## SOURCE DATA
-- Opening Marker --
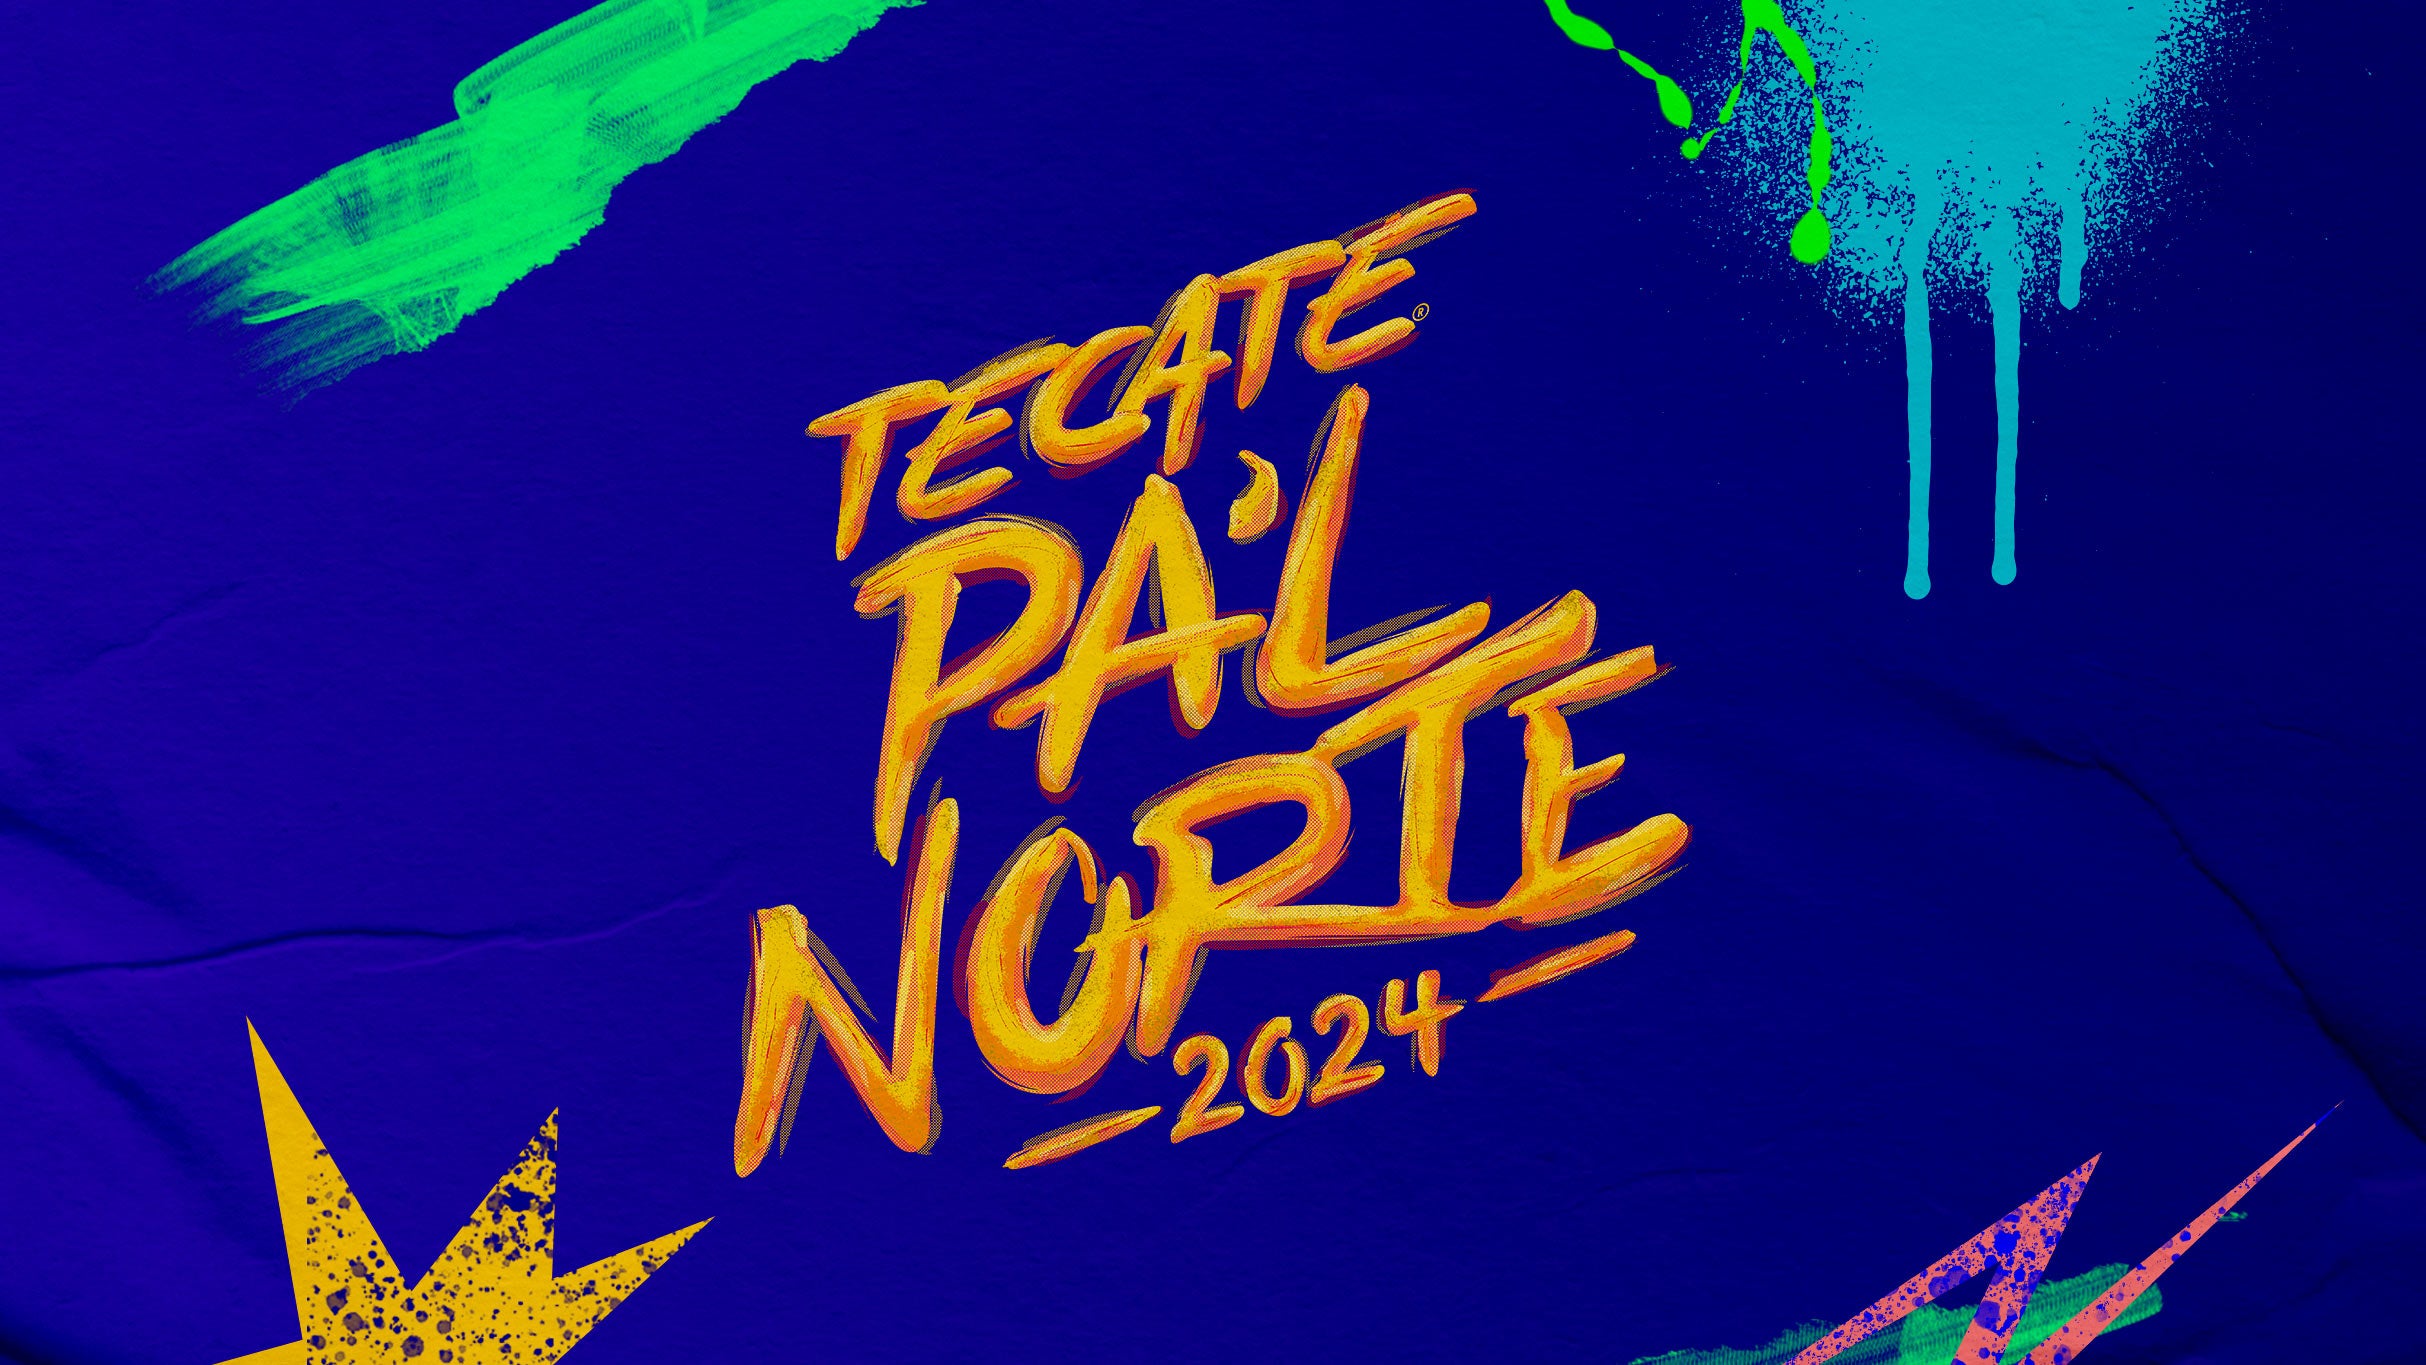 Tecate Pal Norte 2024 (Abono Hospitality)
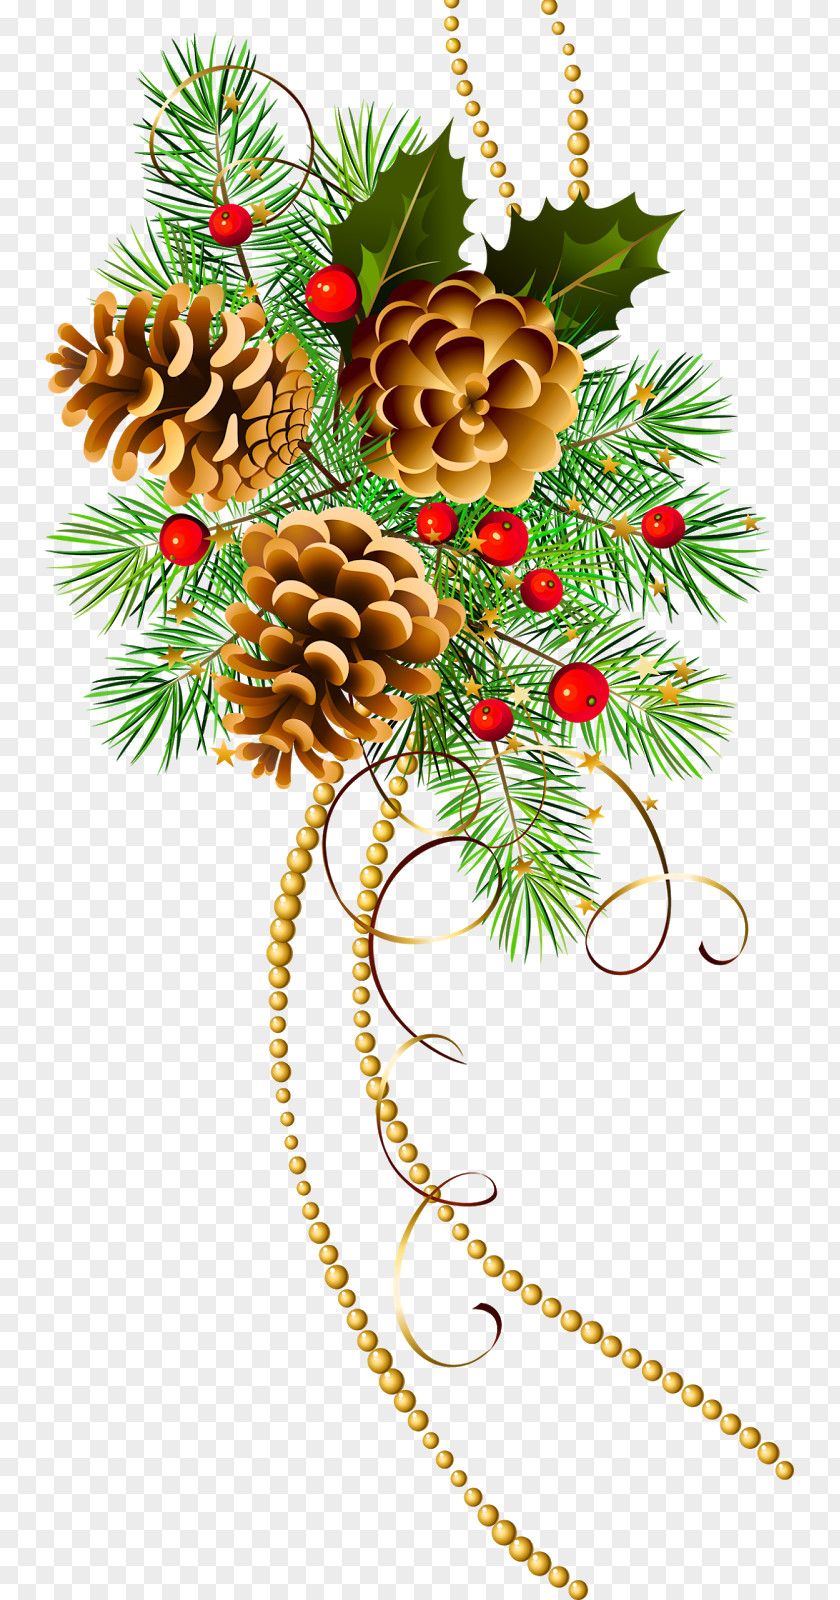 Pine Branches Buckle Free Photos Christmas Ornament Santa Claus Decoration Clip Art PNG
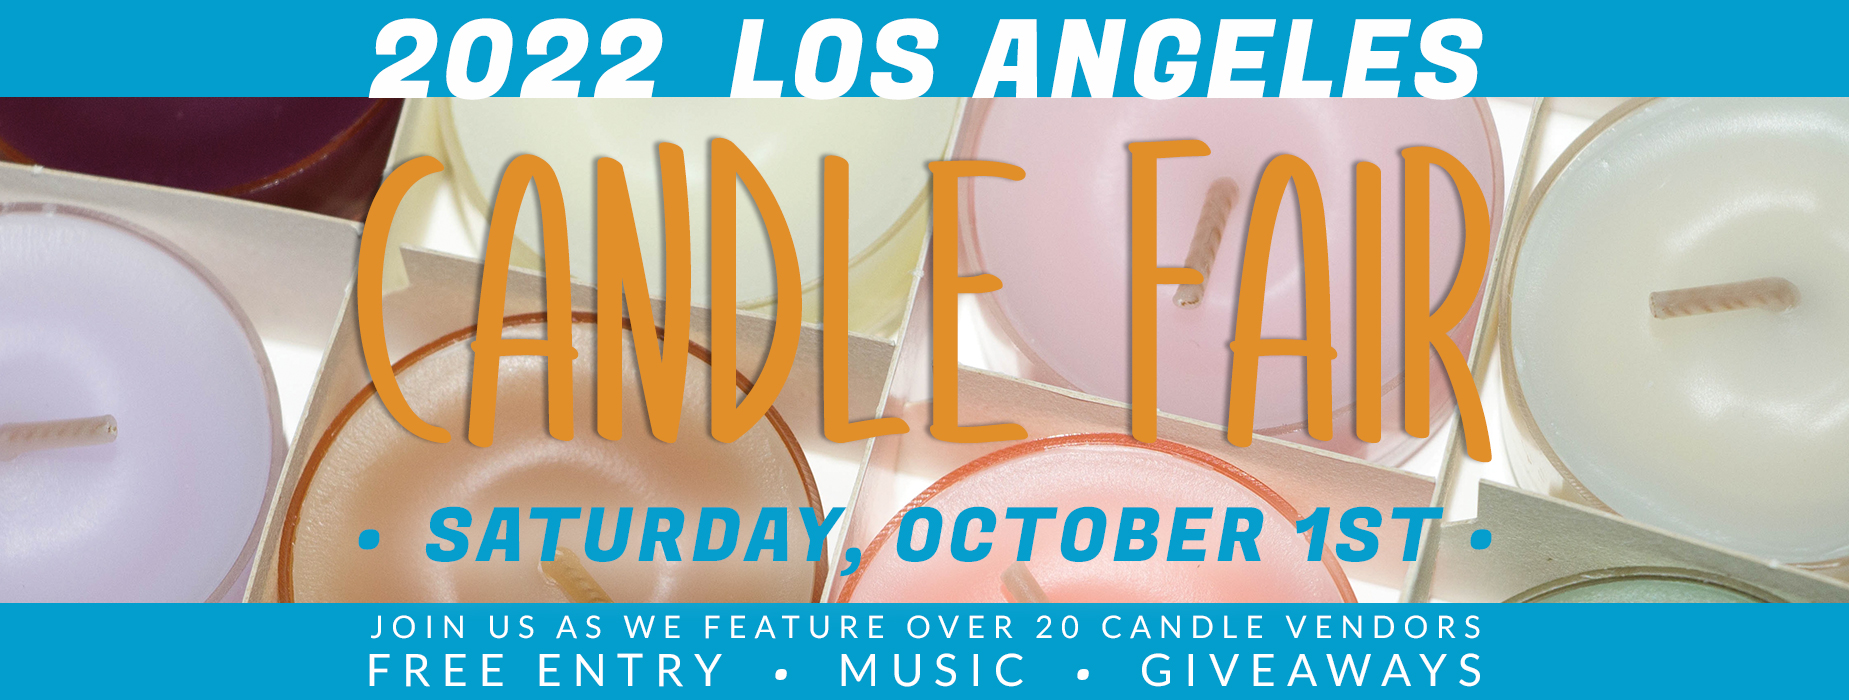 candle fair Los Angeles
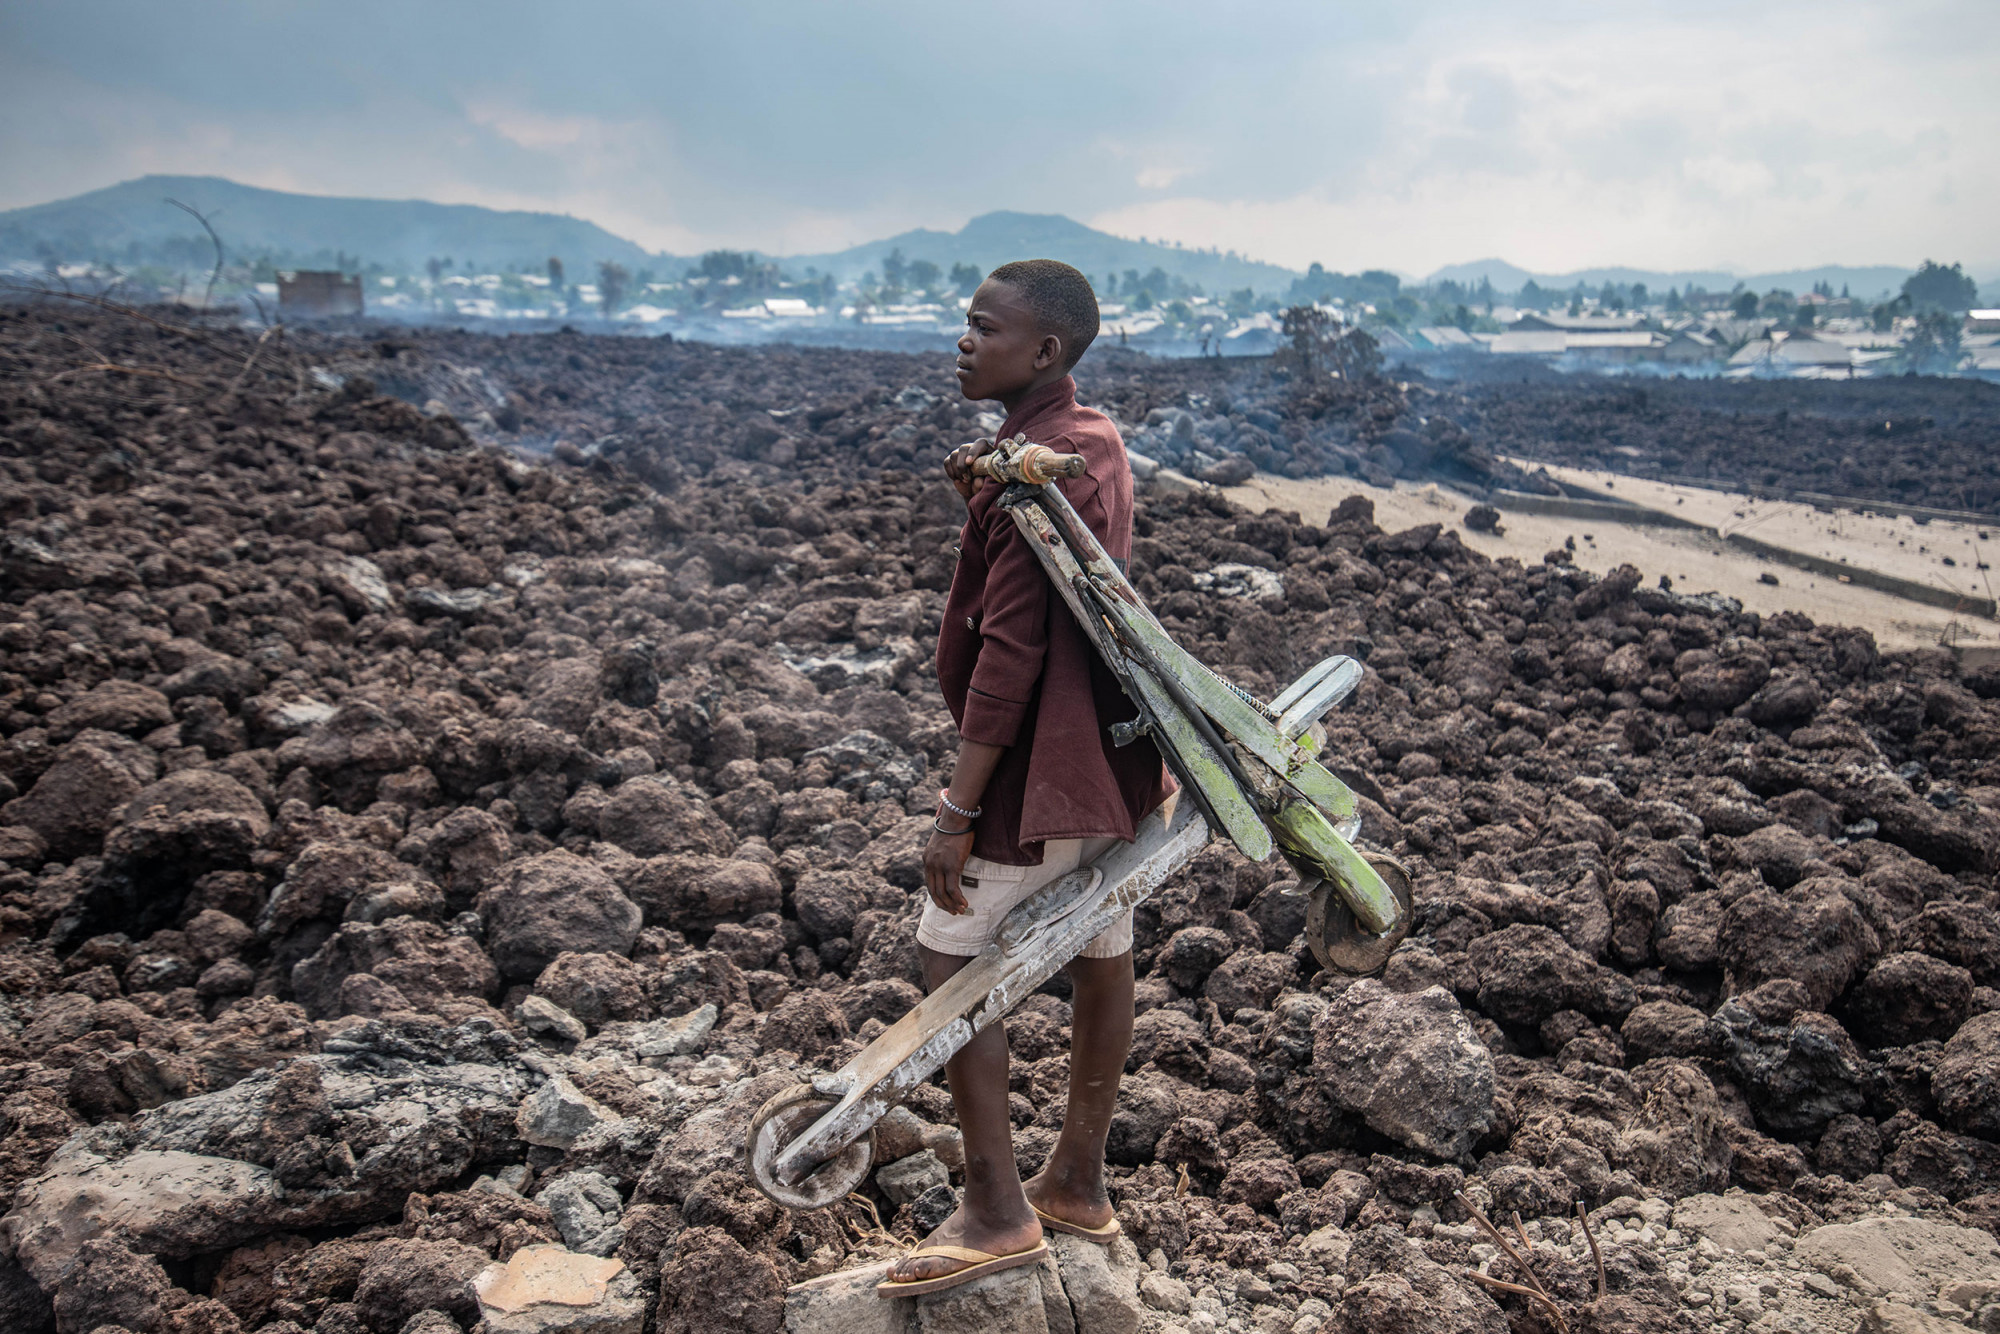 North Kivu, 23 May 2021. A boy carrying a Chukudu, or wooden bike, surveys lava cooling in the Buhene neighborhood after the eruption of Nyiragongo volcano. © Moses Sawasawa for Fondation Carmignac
-- Closing Marker --
## EXERCISE OBJECTIVE
In your copy of the material, match every word exactly and include no pictures.

## EXERCISE RESPONSE
 Tecate Pal Norte 2024 (Abono Hospitality)
 Pine Branches Buckle Free Photos Christmas Ornament Santa Claus Decoration Clip Art PNG
 candle fair Los Angeles
 North Kivu, 23 May 2021. A boy carrying a Chukudu, or wooden bike, surveys lava cooling in the Buhene neighborhood after the eruption of Nyiragongo volcano. © Moses Sawasawa for Fondation Carmignac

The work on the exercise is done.